Extracting standard product from nori
Through our essay research and HP activities, we learned that nori, as a naturally occurring organism that contains MAAs, can be used as a raw material for the preparation of MAAs standards. Nori contains two main MAA molecules: shinorine and porphyra-334, which are also our main products. Therefore, we used nori extract as a standard for further quantification of these two products in yeast fermentation broth.
We used two methods for the extraction of nori (Zhang H et.al.,2022, Zhang mm,2015 ). By MS test, we discovered that the extract of method 2 (Zhang mm,2015) had a higher purity (shown in figure), so we chose this sample for the subsequent standard production (shown in Figure 5).
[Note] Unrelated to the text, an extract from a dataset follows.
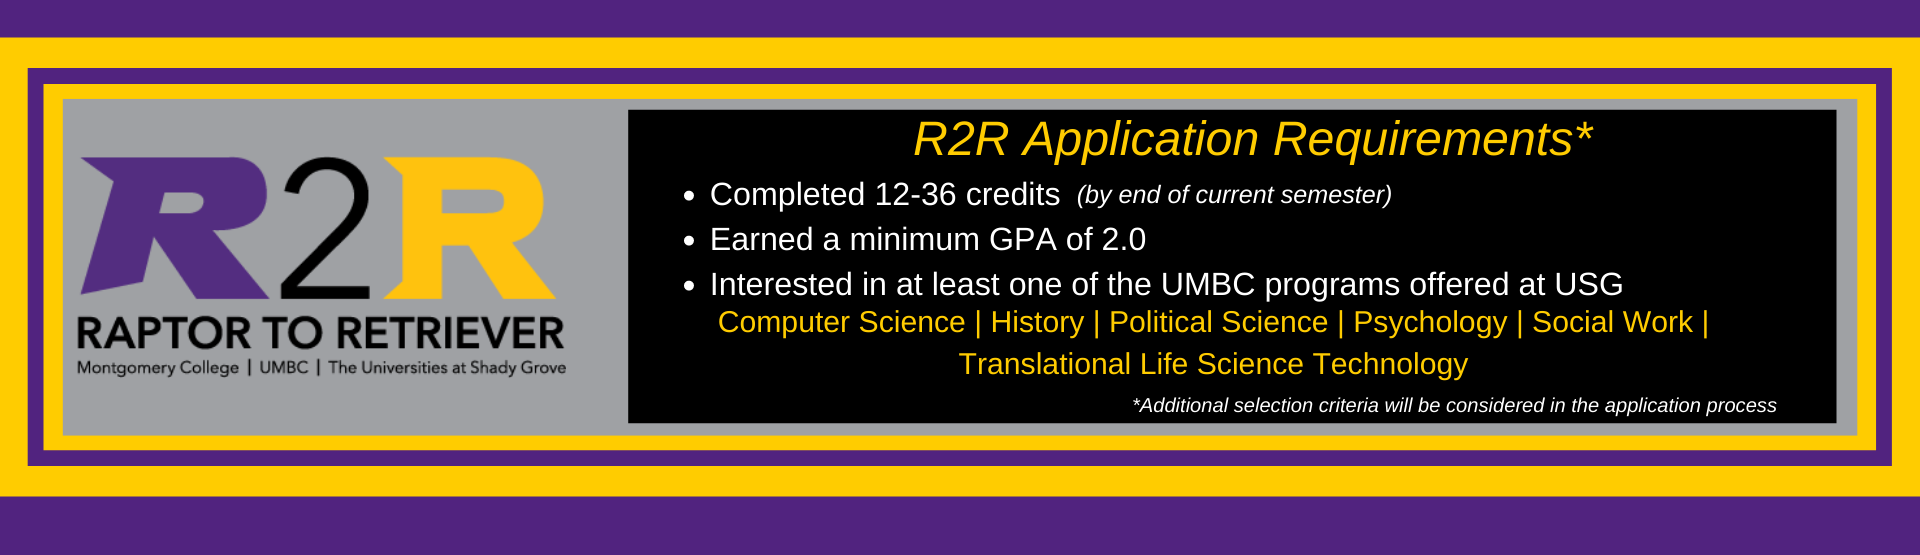 R2R Application Requirements: 2.0 minimum GPA, 12-36 completed credits, interest in at least one UMBC@USG program: History, Psychology, Social Work, Political Science, and/or Translational Life Science Technology)

Figure 5: Two methods of nori extraction. Results varied methods based upon the aforementioned essay. MS test indicated the extract from method 2 had higher purity in extraction
We extracted 69 mg of MAAs lyophilized powder from 2.5 g of nori. We took 20 mg of the lyophilized powder and dissolved it in 1mL of water to obtain a MAA standard solution with a concentration of 20mg/ml, and we used this standard sample to establish the standard curve for measurement. We mainly quantified the fermentation broth of two strains, the porphyra-334 producing Np5598-NlmysD strain and the shinorine producing Np5598-Np5597 strain (shown in Figure 6). Finally, the nori extract with a higher purity of shinorine and porphyra-334 is used as the standard sample to obtain rough yield data of SC.L8 series: the shinorine’s yield reached 258.5mg/L in L8-Np5598-Np5597, the porphyra-334’s yield reached 270.7mg/L in L8-Np5598-NlmysD.
Figure 6: standard curve for nori extraction based on the porphyra-334 producing Np5598-NlmysD strain and the shinorine producing Np5598-Np5597 strain. The shinorine titer of L7-Np5598-Np5597 is 138.8mg/L, and the titer of L8-Np5598-Np5597 is 258.6mg/L. The porphyra-334 titer of L7-Np5598-NlmysD is 210mg/L, and the titer of L8-Np5598-NlmysD is 270.7mg/L.